We’ve been over that before. Tax disputes aren’t pretty, folks.

Let’s go over the different kinds of LLCs, along with the taxes you have to pay for each particular type of LLC.

The Single-Member LLC

The single-member LLC is an LLC with only one member, as its name suggests. The single-member LLC will always have pass-through tax treatment. What this means is that, instead of having to pay the 39.1% corporate tax, you can include the profits of your LLC on your income taxes. Specifically, the profits and losses from the real estate within the LLC will be reported on Schedule E of your income tax return.

A Married Couple LLC

A married couple LLC is an LLC whose only members are two people who are married to each other. Like the single-member LLC, a married couple LLC will usually have pass-through tax treatment. There is one huge exception: This isn’t the case if the LLC is formed in a community property state. Do your homework on this if taxation is a major motivation for forming this type of entity.

Related: How to Grow Your Wealth With an IRA-Owned LLC

If your LLC is formed in a community property state, you will have to file a partnership tax return for your LLC. As of 2018, the following states have community property laws: Louisiana, Arizona, California, Texas, Washington, Idaho, Nevada, New Mexico, and Wisconsin.

If you file a partnership return, you and your spouse will each have to include your respective shares of the profits on your income taxes. This is the main area you’ll have to keep really clean, so you may have to do what some couples find difficult even after decades of marriage: Actively communicate with your partner. Use your words, and listen actively to what the other person has to say before responding. Empathize with their concerns, and address potential points of contention logically. While I’m not your lawyer based on this article and therefore can’t dispense direct legal advice, I’d just go ahead and recommend this as good general life advice.

Multi-Member LLC

If your LLC has two members that aren’t married, then it’s considered a multi-member LLC. A multi-member LLC also receives pass-through tax treatment. Each member will claim his or her share of the LLC’s profits on their tax return. As an added bonus, a multi-member traditional LLC is more difficult to pierce in court.
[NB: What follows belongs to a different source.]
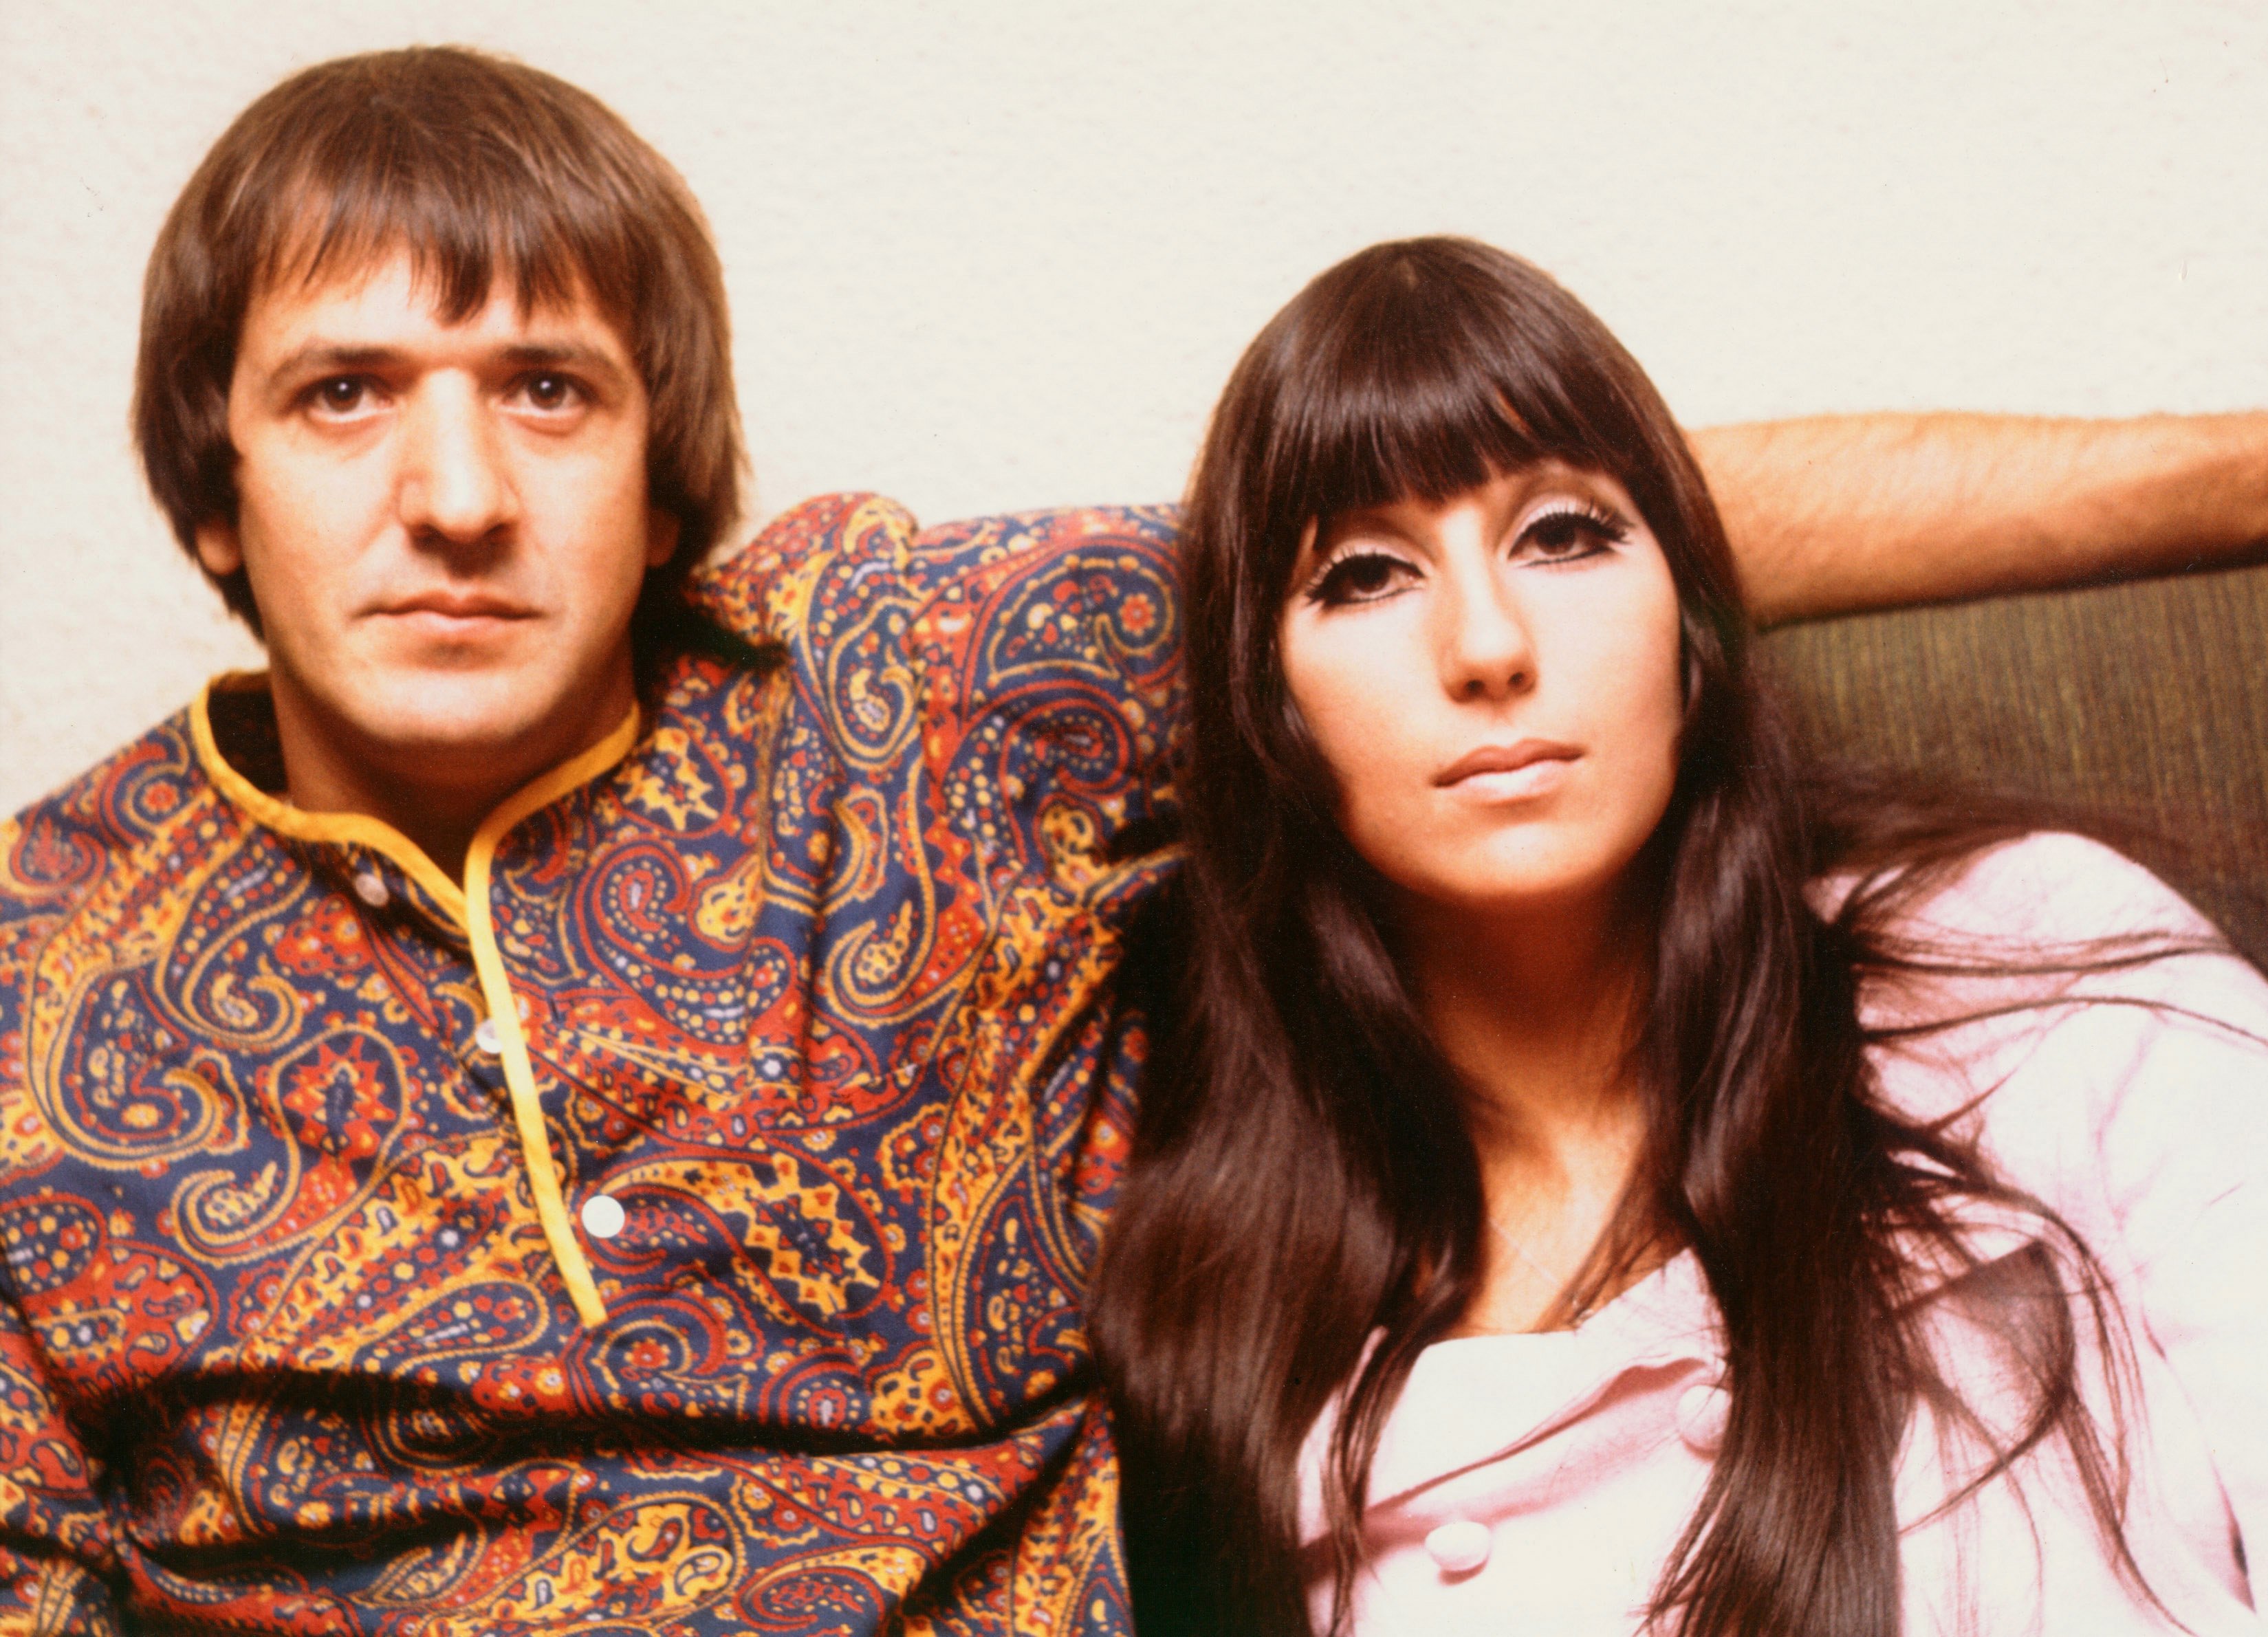 Sonny and Cher circa 1965. | Source: Getty Images

Previous commenters on my articles and in the BiggerPockets forum often ask about ways to prevent your LLC from being perceived as an “alter-ego” of you. A multi-member LLC formed with someone you trust is one maneuver you can make to prevent this possibility.

The Series LLC

If you’ve read my blog postings before, you may already know a bit about the series LLC and its many awesome uses. The series LLC uses a parent-child structure, which allows you to create as many “series” as you want. These series operate directly under your parent LLC, but are treated separately for liability purposes. They work exactly like miniature LLCs, complete with liability protection. Think of the parent LLC as “Big Daddy,” with each series as a different child. Big Daddy can have as many babies as he wants, without waiting nine months like us mere mortals have to. But when it comes to paying taxes with an (S)LLC, things can get tricky.

For example, in California, each series in a series LLC will have to pay an $800 franchise tax. For this reason, I often recommend that California-based investors check out the Delaware Statutory Trust (DST). It offers the same benefits as the series LLC and no obligation to pay the franchise tax. Why? Simply put, the DST is a type of trust. Trusts are viewed as estate planning tools, and the strict laws in California that apply the franchise tax to LLCs do not apply to the DST.

But in Delaware, no matter how many series you have in your series LLC, you’d only pay the $300 franchise tax one time. Texas series LLCs must still file annually, but are actually not responsible for any annual corporate taxes. Investors who use a Texas series LLC simply file “no taxes due” with the state comptroller annually.

And now for the good news: You can create a Delaware series LLC or a Texas series LLC without actually living in either state. You are not always bound by your geography. This is where your ability to do a little bit of research, combined with your willingness to ask for help from a qualified attorney, can really save you a lot in the long-run.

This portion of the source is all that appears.